Though poised for a challenging start, earnings by luxury brands are expected to remain strong during the later part of Q2, FY25, as per HSBC analysts in their Global Luxury Goods equities division report. While earnings of some major players are expected to decline, others’ are projected to increase year-over-year.

Having reported their Q1, FY26 earnings on July 18, Burberry is expected to witness a decline in revenues as is LVMH whose H1 2025 earnings are also expected to contract. Conversely, earning of Hermès, Richemont, Moncler, and Prada, are expected to grow. Analysts describe the current period as a ‘sobering time for luxury sales,’ noting ‘Liberation Day’ tariff announcements in April impacted confidence, markets, and the US dollar, though May and June are anticipated to show some recovery.
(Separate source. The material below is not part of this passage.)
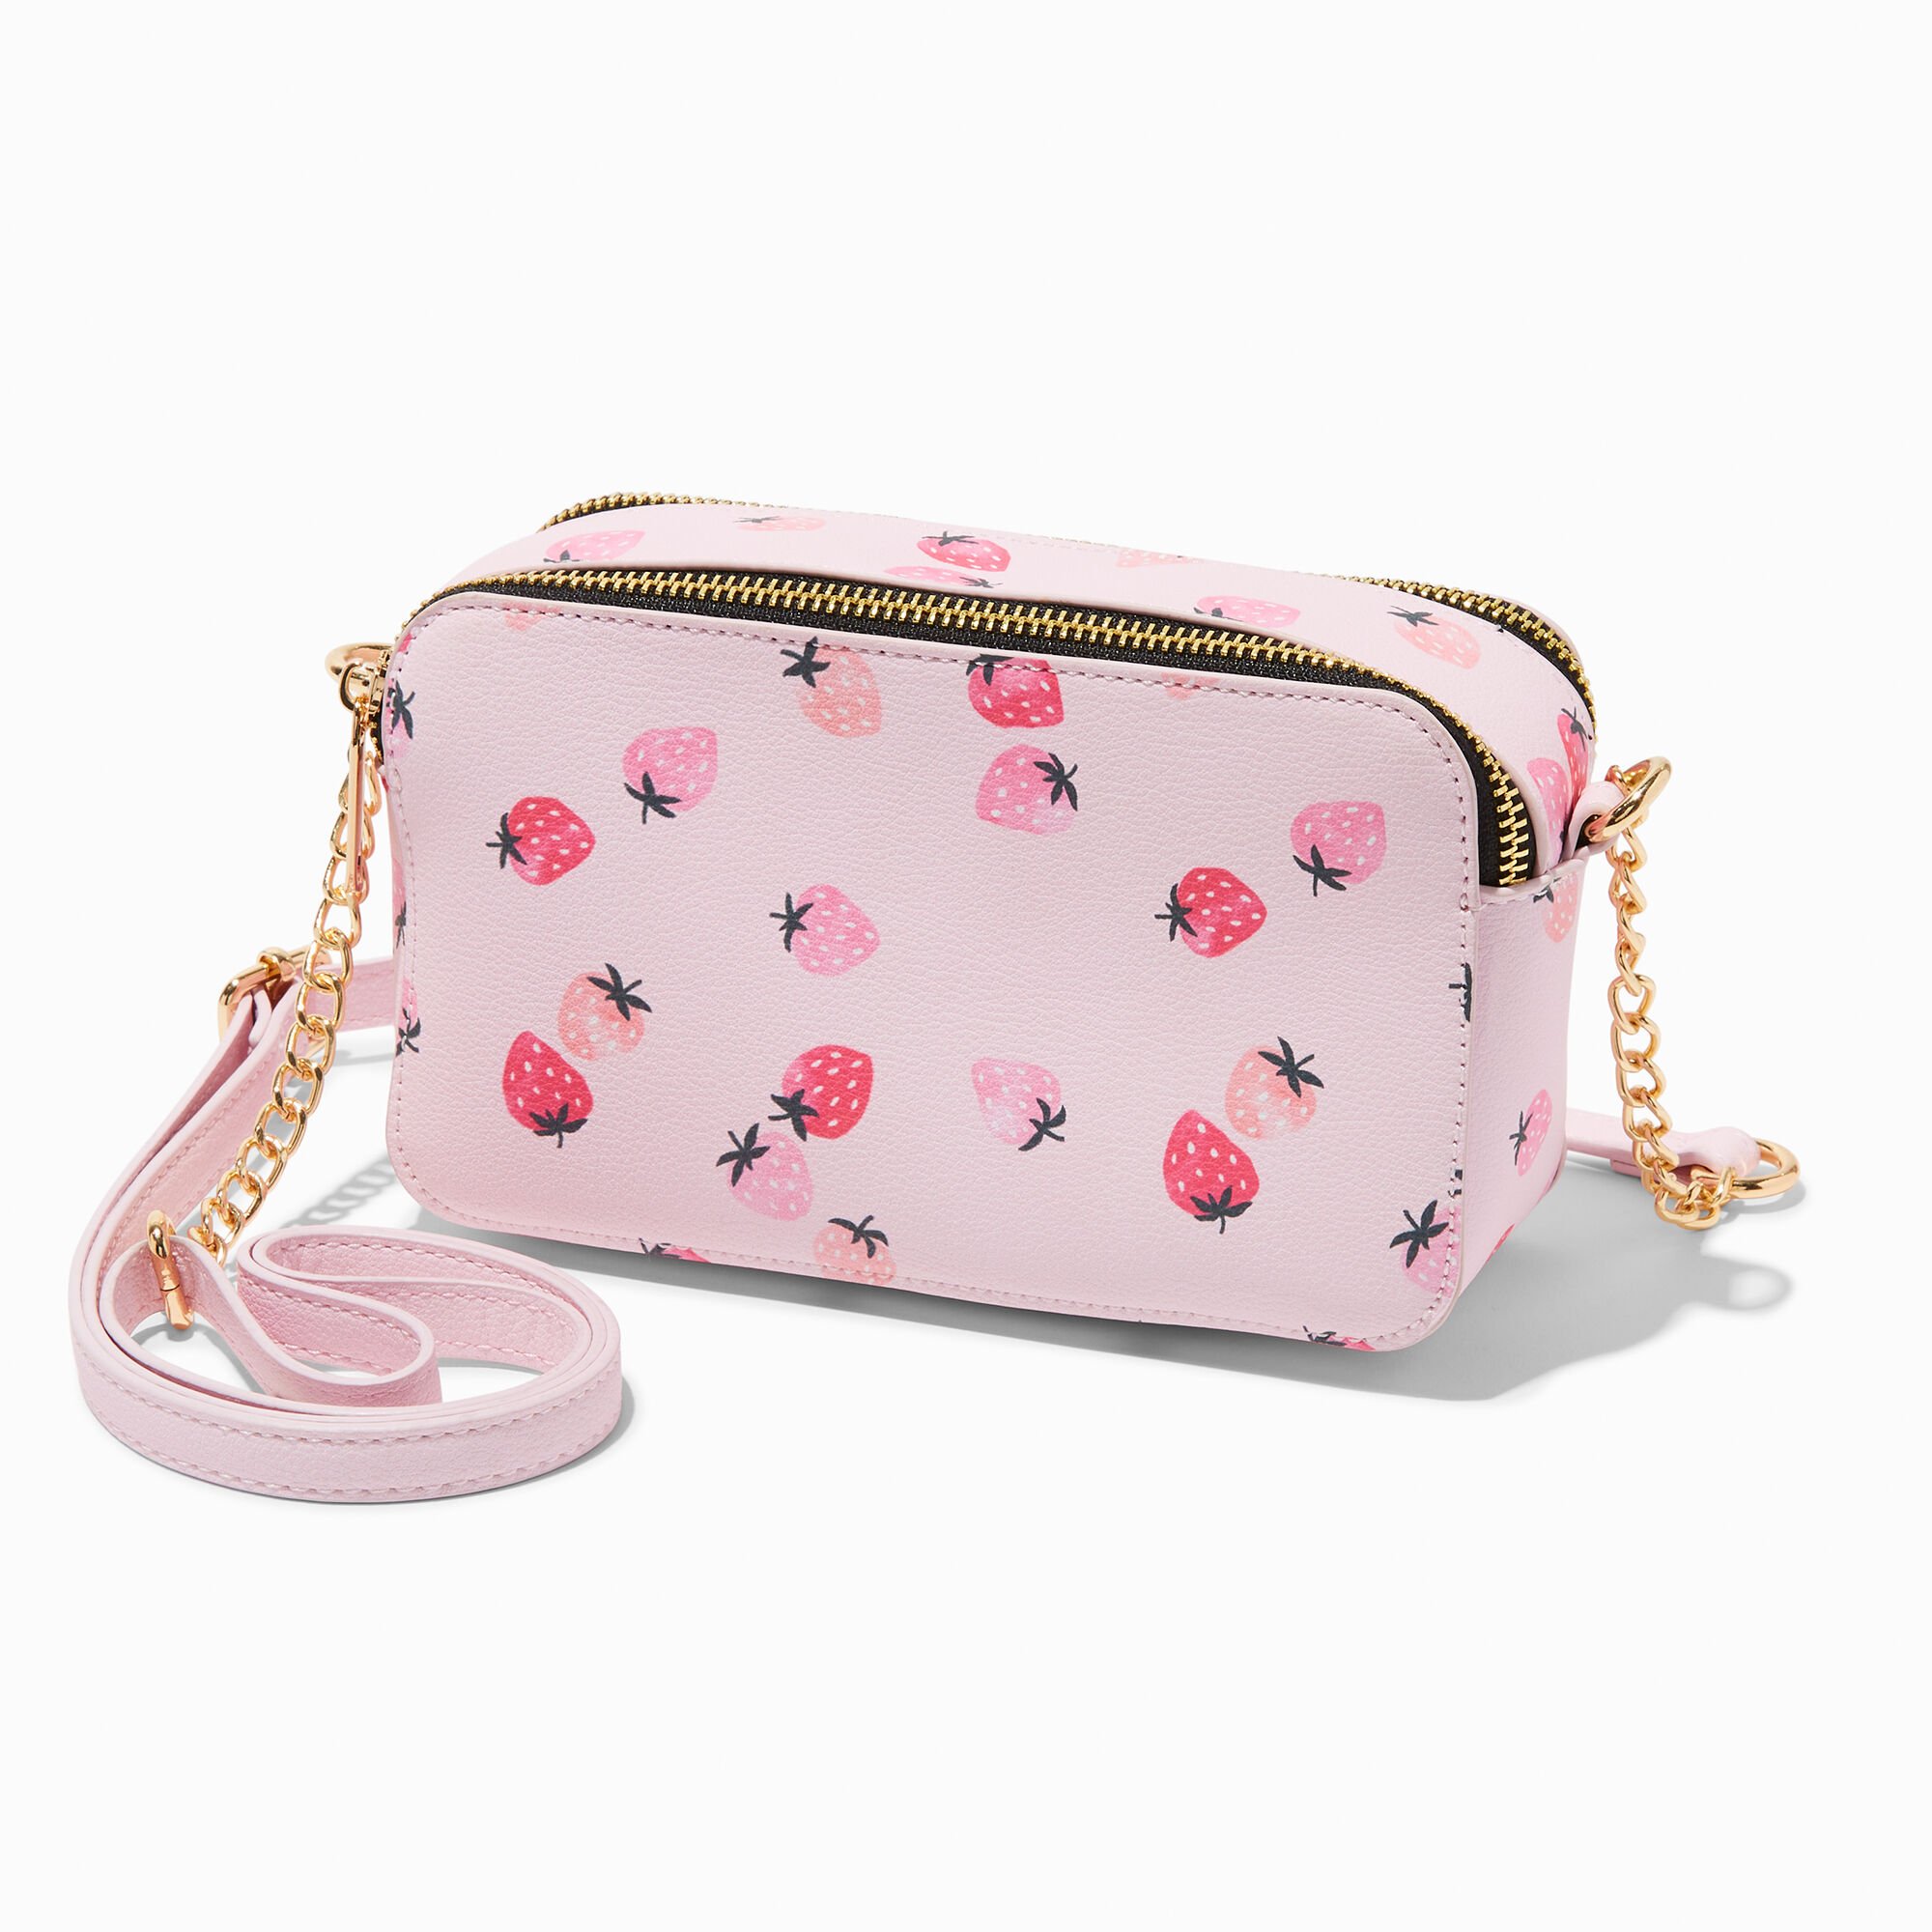 View Claires Strawberry Print Camera Crossbody Bag Pink information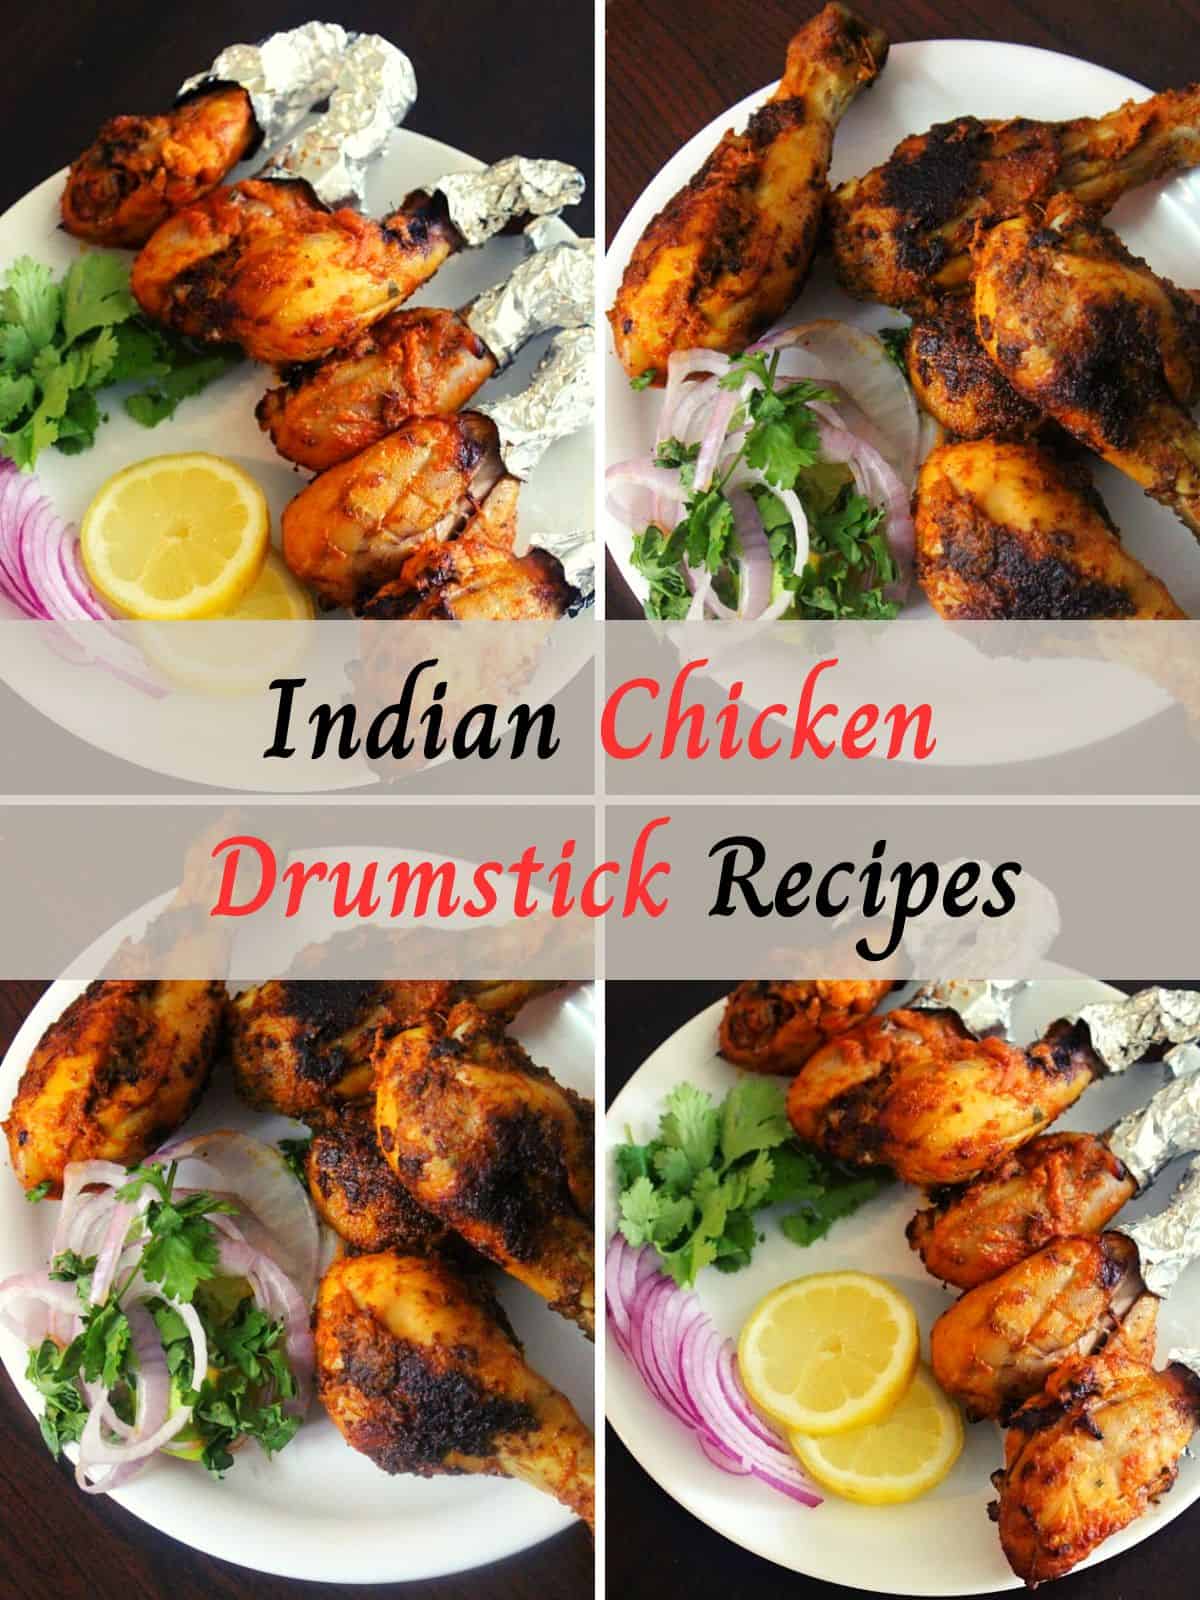 Chicken drumstick recipes made in Indian style in a collage

HSBC analysts believe, Q2 2025 will be a ‘more challenging quarter’ overall, likely bringing a sequential slowdown for most luxury brands. However, Burberry will report flat organic retail comparable sales for the second calendar quarter, a significant improvement from a 6 per cent organic decline in Q4. Analysts credit Burberry's successful ‘It is always Burberry weather’ marketing campaign for this resilience.

For LVMH, analysts expect a 7 per cent decline in organic sales in Q2, a steeper decline than the 3 per cent organic contraction in Q1. Nearly all divisions, except Selective Distribution, are projected to show negative performance, with the crucial Fashion & Leather division potentially declining by 11 per cent Y-o-Y

Overall, the report anticipates a sequential slowdown in luxury sector sales growth for Q2 compared to a 0.4 per cent increase in Q1. Nevertheless, Hermès and Prada Group are expected to maintain growth, with Prada benefiting from consistency in terms of product pipeline. While Q2 isn't a significant sales quarter for outdoor winter luxury brand Moncler, it could still see a 2 per cent organic sales increase, with its brand Stone Island projected for a stronger 8.4 per cent organic rise.